New Trends in Biomedicine

Telomeres, a kind of protective caps at the ends of the cell chromosomes, have increasingly become the focus of scientific research as the biomedical, morphological substrate of the social determination of health. The telomere length decreases slightly with each division, and if telomeres fall below a certain length, the protection of the genes is compromised and no longer guaranteed. As a result, the cell is increasingly unable to fulfil its functions, and subsequently cell division and renewal cease. The influence of socioeconomic living conditions on the development of telomere length Powell-Wiley et al. [5], which can already be proven in childhood and adolescence Alexeeff et al. [6], has been widely documented in the meantime: the less favourable the living conditions are, the faster the telomeres lose their length and the faster the cells age.

The classical biomedical perspective underwent further development between 1960 and 1990 with the preventive medicine model of risk factors, which identifies “predictors” for the most important chronic and degenerative diseases such as coronary artery disease, malignomas, diabetes and rheumatism, as well as HIV/Aids, according to epidemiological observations and findings. Large population studies point to several factors that increase the likelihood of both communicable and non-communicable diseases. Unprotected sex, for example, is clearly a risk factor for HIV infection and other sexually transmitted infections (STIs). Physical inactivity, malnutrition, smoking and insufficiently compensated or compensable stress are considered risk factors for coronary artery disease. In addition, behavioural and organic problems such as high blood pressure or elevated blood fat levels, manifest themselves in diseases like diabetes mellitus or renal insufficiency, and symptom complexes such as metabolic syndrome are known risk factors for certain pathologies and can act either alone, in interaction with others or with mutual reinforcement. Thus, the risk factor model represents a further development and not a contradiction to the biomedical perspective. Including the risk factor model in the biomedical perspective provided the essential foundations for early health education, health information and medical health counselling as well as for the more recent common behavioural prevention and prevention policies.

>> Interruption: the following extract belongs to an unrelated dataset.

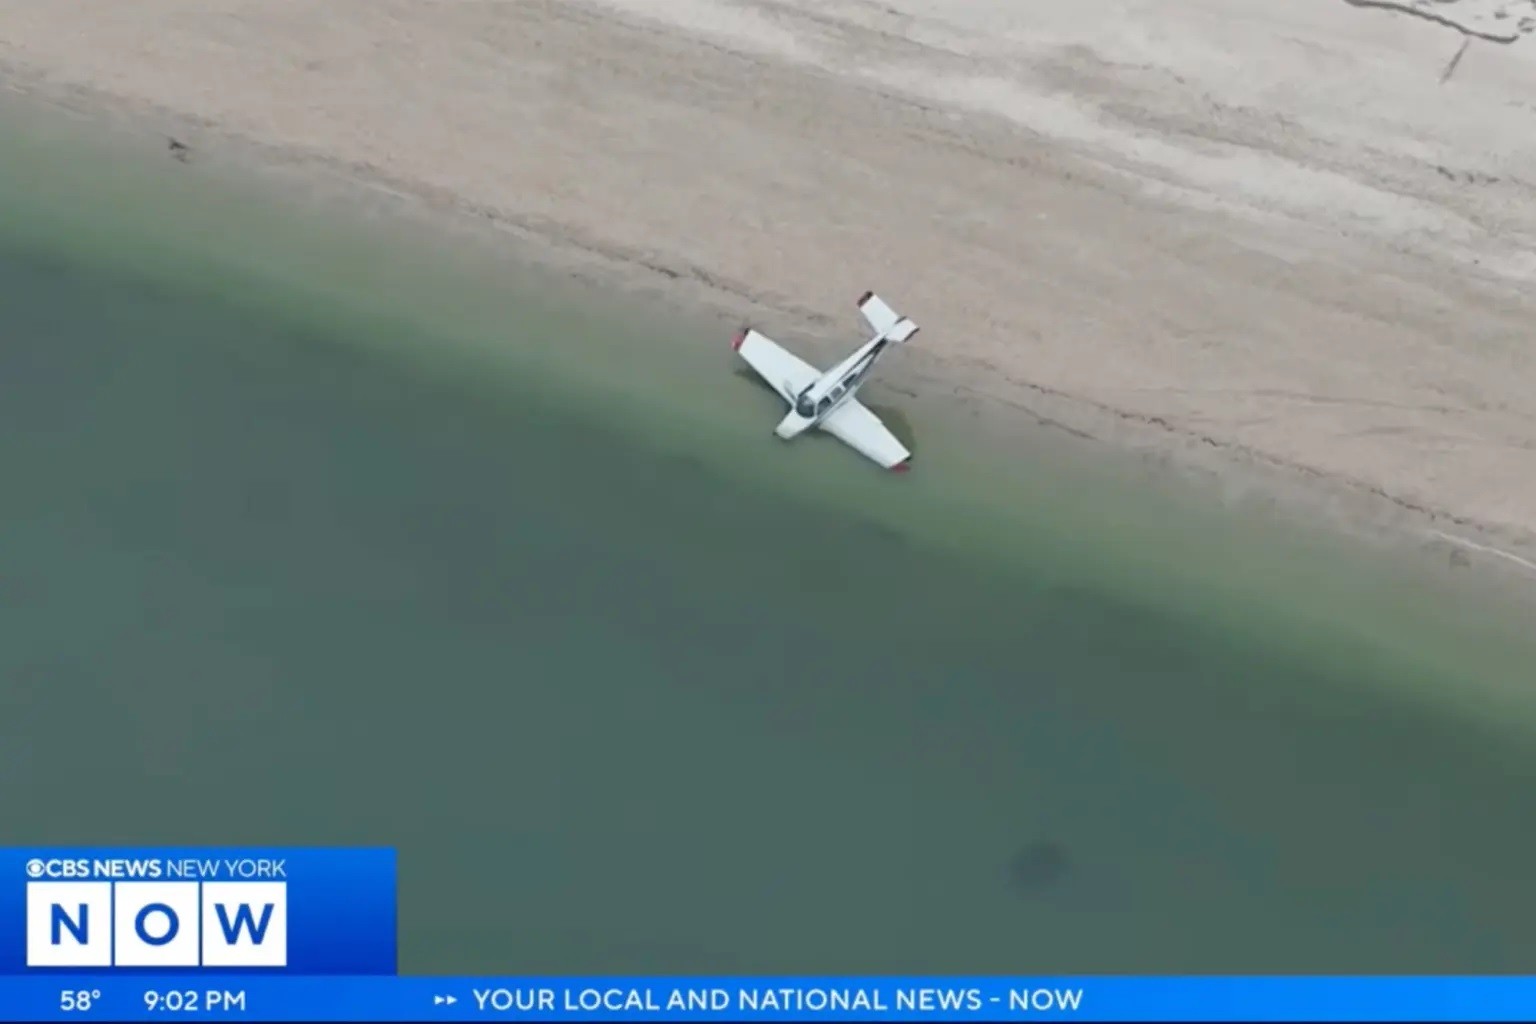 Đời sống - Kinh hoàng khoảnh khắc máy bay rơi xuống bãi biển do gặp sự cố động cơ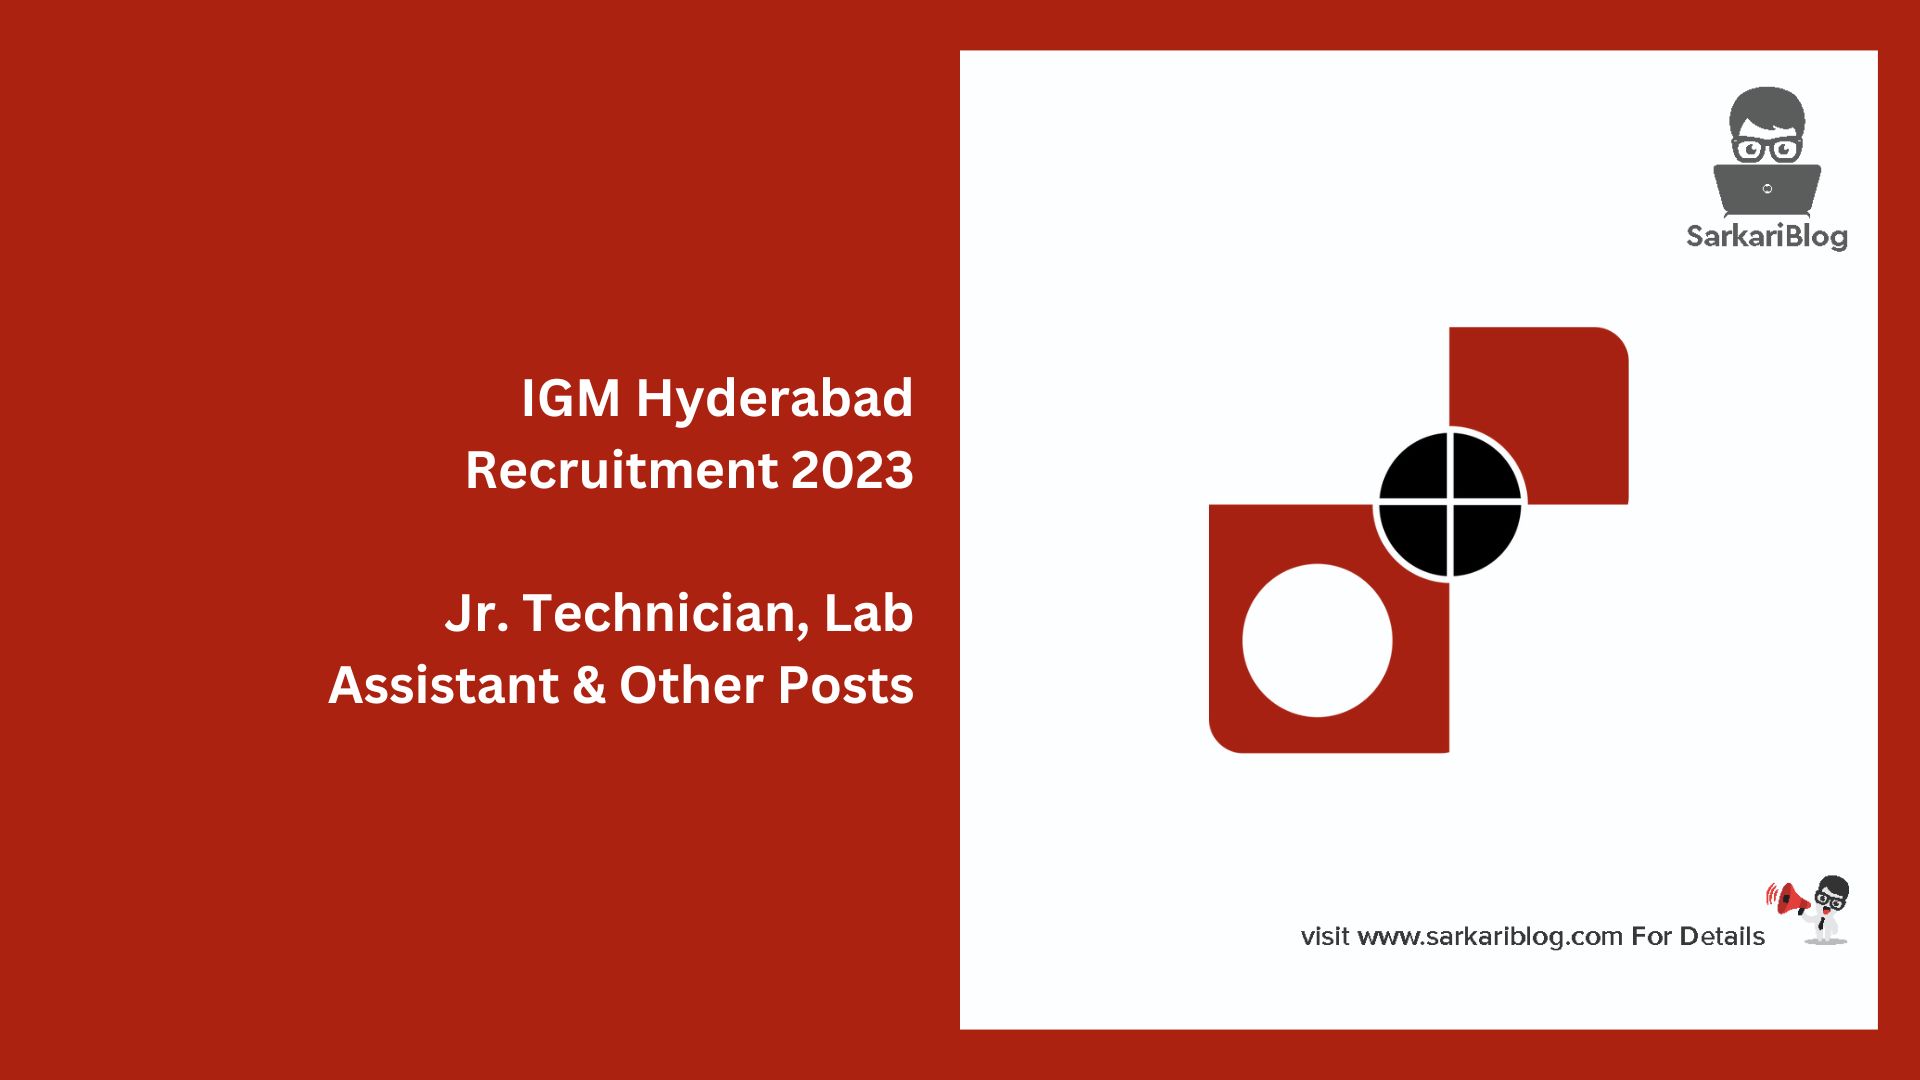 IGM Hyderabad Recruitment 2023

Biomedically Driven Future Perspectives

The current dominance of the biomedical perspective is reflected in the extensive investments in dynamically developing cell biology, genome research and genetics as well as molecular medicine and nanotechnology Pattini et al. [7]. The so-called omics sciences, i.e. molecular biological methods such as genomics, transcriptomics, proteomics, metabolomics, secretomics ending in “omic”, have attracted increasing attention in recent decades and have likewise become the focus of (natural) scientific research Leopoldina [8]. They promise “individualised” or “personalised” medicine and prevention that will soon be available in the following five areas:

a) Formation of subgroups of individuals based on diseaseassociated biomarkers.
b) Genome-based information on health-related characteristics (by means of so-called “DNA arrays”).
c) Identification of individual health risks.
d) Differential early detection and (early) intervention at molecular or biochemical level.
e) Development of unique therapeutic products (“tailormade” pharmacotherapies).

Access to health, as well as exposure to disease and disease risks, is increasingly determined by knowledge of genetic conditions and personal cell-biological dispositions. This applies not only to the individual level, but also to social perception and discussion. The tendency towards medicalisation of all areas of life is increasingly appearing in the form of “geneticisation” (predictive medicine and individualised medicine).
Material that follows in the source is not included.